### Exercise requirements
Output every entry verbatim.

[Data excerpts]
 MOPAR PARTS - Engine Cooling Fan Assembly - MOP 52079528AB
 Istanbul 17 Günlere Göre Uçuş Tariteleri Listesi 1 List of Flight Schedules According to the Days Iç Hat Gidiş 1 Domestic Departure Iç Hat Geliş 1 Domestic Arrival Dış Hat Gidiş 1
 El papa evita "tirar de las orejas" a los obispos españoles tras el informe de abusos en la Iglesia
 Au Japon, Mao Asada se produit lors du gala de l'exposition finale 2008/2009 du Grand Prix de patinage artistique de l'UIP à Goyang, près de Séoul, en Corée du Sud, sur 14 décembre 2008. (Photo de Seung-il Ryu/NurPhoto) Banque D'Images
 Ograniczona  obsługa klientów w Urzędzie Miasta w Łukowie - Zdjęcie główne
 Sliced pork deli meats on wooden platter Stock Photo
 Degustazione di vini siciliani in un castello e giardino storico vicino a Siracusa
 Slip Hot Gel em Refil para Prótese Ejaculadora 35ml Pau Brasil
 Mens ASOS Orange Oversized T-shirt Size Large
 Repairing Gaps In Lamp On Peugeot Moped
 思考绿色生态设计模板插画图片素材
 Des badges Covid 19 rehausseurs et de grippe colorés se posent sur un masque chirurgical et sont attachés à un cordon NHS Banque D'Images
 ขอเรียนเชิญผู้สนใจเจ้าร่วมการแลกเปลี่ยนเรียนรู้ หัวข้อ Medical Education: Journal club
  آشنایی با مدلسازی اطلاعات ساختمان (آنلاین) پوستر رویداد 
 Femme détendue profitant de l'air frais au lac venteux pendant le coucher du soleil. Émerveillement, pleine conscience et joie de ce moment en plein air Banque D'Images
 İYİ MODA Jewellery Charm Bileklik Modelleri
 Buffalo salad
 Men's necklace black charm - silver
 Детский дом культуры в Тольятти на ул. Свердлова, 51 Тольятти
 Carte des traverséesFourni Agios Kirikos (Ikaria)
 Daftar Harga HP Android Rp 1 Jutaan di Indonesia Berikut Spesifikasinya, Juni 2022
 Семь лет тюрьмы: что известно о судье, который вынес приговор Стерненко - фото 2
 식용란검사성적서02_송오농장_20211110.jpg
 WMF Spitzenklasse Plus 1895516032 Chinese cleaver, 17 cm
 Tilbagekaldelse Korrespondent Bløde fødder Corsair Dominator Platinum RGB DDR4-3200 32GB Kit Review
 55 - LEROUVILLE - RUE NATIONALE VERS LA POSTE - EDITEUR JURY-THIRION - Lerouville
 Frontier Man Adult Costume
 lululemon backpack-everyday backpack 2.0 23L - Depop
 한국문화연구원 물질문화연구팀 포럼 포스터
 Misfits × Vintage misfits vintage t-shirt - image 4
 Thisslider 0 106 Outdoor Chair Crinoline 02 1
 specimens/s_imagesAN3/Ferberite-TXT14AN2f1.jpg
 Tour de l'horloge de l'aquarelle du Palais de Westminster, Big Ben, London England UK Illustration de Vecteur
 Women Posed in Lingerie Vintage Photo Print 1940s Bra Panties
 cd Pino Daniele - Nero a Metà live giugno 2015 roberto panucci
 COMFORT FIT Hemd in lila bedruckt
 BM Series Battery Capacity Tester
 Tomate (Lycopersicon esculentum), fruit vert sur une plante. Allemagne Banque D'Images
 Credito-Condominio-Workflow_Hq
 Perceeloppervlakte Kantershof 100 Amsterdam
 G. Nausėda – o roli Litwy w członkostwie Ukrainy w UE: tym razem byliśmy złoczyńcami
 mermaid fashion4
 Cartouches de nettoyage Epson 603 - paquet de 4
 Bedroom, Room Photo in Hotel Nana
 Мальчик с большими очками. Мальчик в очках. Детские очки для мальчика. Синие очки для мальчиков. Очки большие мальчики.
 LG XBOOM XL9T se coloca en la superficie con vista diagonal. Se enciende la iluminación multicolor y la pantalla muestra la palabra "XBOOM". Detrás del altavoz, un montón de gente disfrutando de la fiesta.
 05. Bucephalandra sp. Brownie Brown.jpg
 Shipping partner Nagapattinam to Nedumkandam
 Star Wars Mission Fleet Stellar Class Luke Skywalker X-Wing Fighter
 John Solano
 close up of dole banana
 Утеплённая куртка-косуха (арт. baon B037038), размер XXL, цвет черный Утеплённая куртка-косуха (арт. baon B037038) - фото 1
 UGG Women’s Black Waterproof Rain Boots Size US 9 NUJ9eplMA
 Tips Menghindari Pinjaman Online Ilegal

### Output of the task
 MOPAR PARTS - Engine Cooling Fan Assembly - MOP 52079528AB
 Istanbul 17 Günlere Göre Uçuş Tariteleri Listesi 1 List of Flight Schedules According to the Days Iç Hat Gidiş 1 Domestic Departure Iç Hat Geliş 1 Domestic Arrival Dış Hat Gidiş 1
 El papa evita "tirar de las orejas" a los obispos españoles tras el informe de abusos en la Iglesia
 Au Japon, Mao Asada se produit lors du gala de l'exposition finale 2008/2009 du Grand Prix de patinage artistique de l'UIP à Goyang, près de Séoul, en Corée du Sud, sur 14 décembre 2008. (Photo de Seung-il Ryu/NurPhoto) Banque D'Images
 Ograniczona  obsługa klientów w Urzędzie Miasta w Łukowie - Zdjęcie główne
 Sliced pork deli meats on wooden platter Stock Photo
 Degustazione di vini siciliani in un castello e giardino storico vicino a Siracusa
 Slip Hot Gel em Refil para Prótese Ejaculadora 35ml Pau Brasil
 Mens ASOS Orange Oversized T-shirt Size Large
 Repairing Gaps In Lamp On Peugeot Moped
 思考绿色生态设计模板插画图片素材
 Des badges Covid 19 rehausseurs et de grippe colorés se posent sur un masque chirurgical et sont attachés à un cordon NHS Banque D'Images
 ขอเรียนเชิญผู้สนใจเจ้าร่วมการแลกเปลี่ยนเรียนรู้ หัวข้อ Medical Education: Journal club
  آشنایی با مدلسازی اطلاعات ساختمان (آنلاین) پوستر رویداد 
 Femme détendue profitant de l'air frais au lac venteux pendant le coucher du soleil. Émerveillement, pleine conscience et joie de ce moment en plein air Banque D'Images
 İYİ MODA Jewellery Charm Bileklik Modelleri
 Buffalo salad
 Men's necklace black charm - silver
 Детский дом культуры в Тольятти на ул. Свердлова, 51 Тольятти
 Carte des traverséesFourni Agios Kirikos (Ikaria)
 Daftar Harga HP Android Rp 1 Jutaan di Indonesia Berikut Spesifikasinya, Juni 2022
 Семь лет тюрьмы: что известно о судье, который вынес приговор Стерненко - фото 2
 식용란검사성적서02_송오농장_20211110.jpg
 WMF Spitzenklasse Plus 1895516032 Chinese cleaver, 17 cm
 Tilbagekaldelse Korrespondent Bløde fødder Corsair Dominator Platinum RGB DDR4-3200 32GB Kit Review
 55 - LEROUVILLE - RUE NATIONALE VERS LA POSTE - EDITEUR JURY-THIRION - Lerouville
 Frontier Man Adult Costume
 lululemon backpack-everyday backpack 2.0 23L - Depop
 한국문화연구원 물질문화연구팀 포럼 포스터
 Misfits × Vintage misfits vintage t-shirt - image 4
 Thisslider 0 106 Outdoor Chair Crinoline 02 1
 specimens/s_imagesAN3/Ferberite-TXT14AN2f1.jpg
 Tour de l'horloge de l'aquarelle du Palais de Westminster, Big Ben, London England UK Illustration de Vecteur
 Women Posed in Lingerie Vintage Photo Print 1940s Bra Panties
 cd Pino Daniele - Nero a Metà live giugno 2015 roberto panucci
 COMFORT FIT Hemd in lila bedruckt
 BM Series Battery Capacity Tester
 Tomate (Lycopersicon esculentum), fruit vert sur une plante. Allemagne Banque D'Images
 Credito-Condominio-Workflow_Hq
 Perceeloppervlakte Kantershof 100 Amsterdam
 G. Nausėda – o roli Litwy w członkostwie Ukrainy w UE: tym razem byliśmy złoczyńcami
 mermaid fashion4
 Cartouches de nettoyage Epson 603 - paquet de 4
 Bedroom, Room Photo in Hotel Nana
 Мальчик с большими очками. Мальчик в очках. Детские очки для мальчика. Синие очки для мальчиков. Очки большие мальчики.
 LG XBOOM XL9T se coloca en la superficie con vista diagonal. Se enciende la iluminación multicolor y la pantalla muestra la palabra "XBOOM". Detrás del altavoz, un montón de gente disfrutando de la fiesta.
 05. Bucephalandra sp. Brownie Brown.jpg
 Shipping partner Nagapattinam to Nedumkandam
 Star Wars Mission Fleet Stellar Class Luke Skywalker X-Wing Fighter
 John Solano
 close up of dole banana
 Утеплённая куртка-косуха (арт. baon B037038), размер XXL, цвет черный Утеплённая куртка-косуха (арт. baon B037038) - фото 1
 UGG Women’s Black Waterproof Rain Boots Size US 9 NUJ9eplMA
 Tips Menghindari Pinjaman Online Ilegal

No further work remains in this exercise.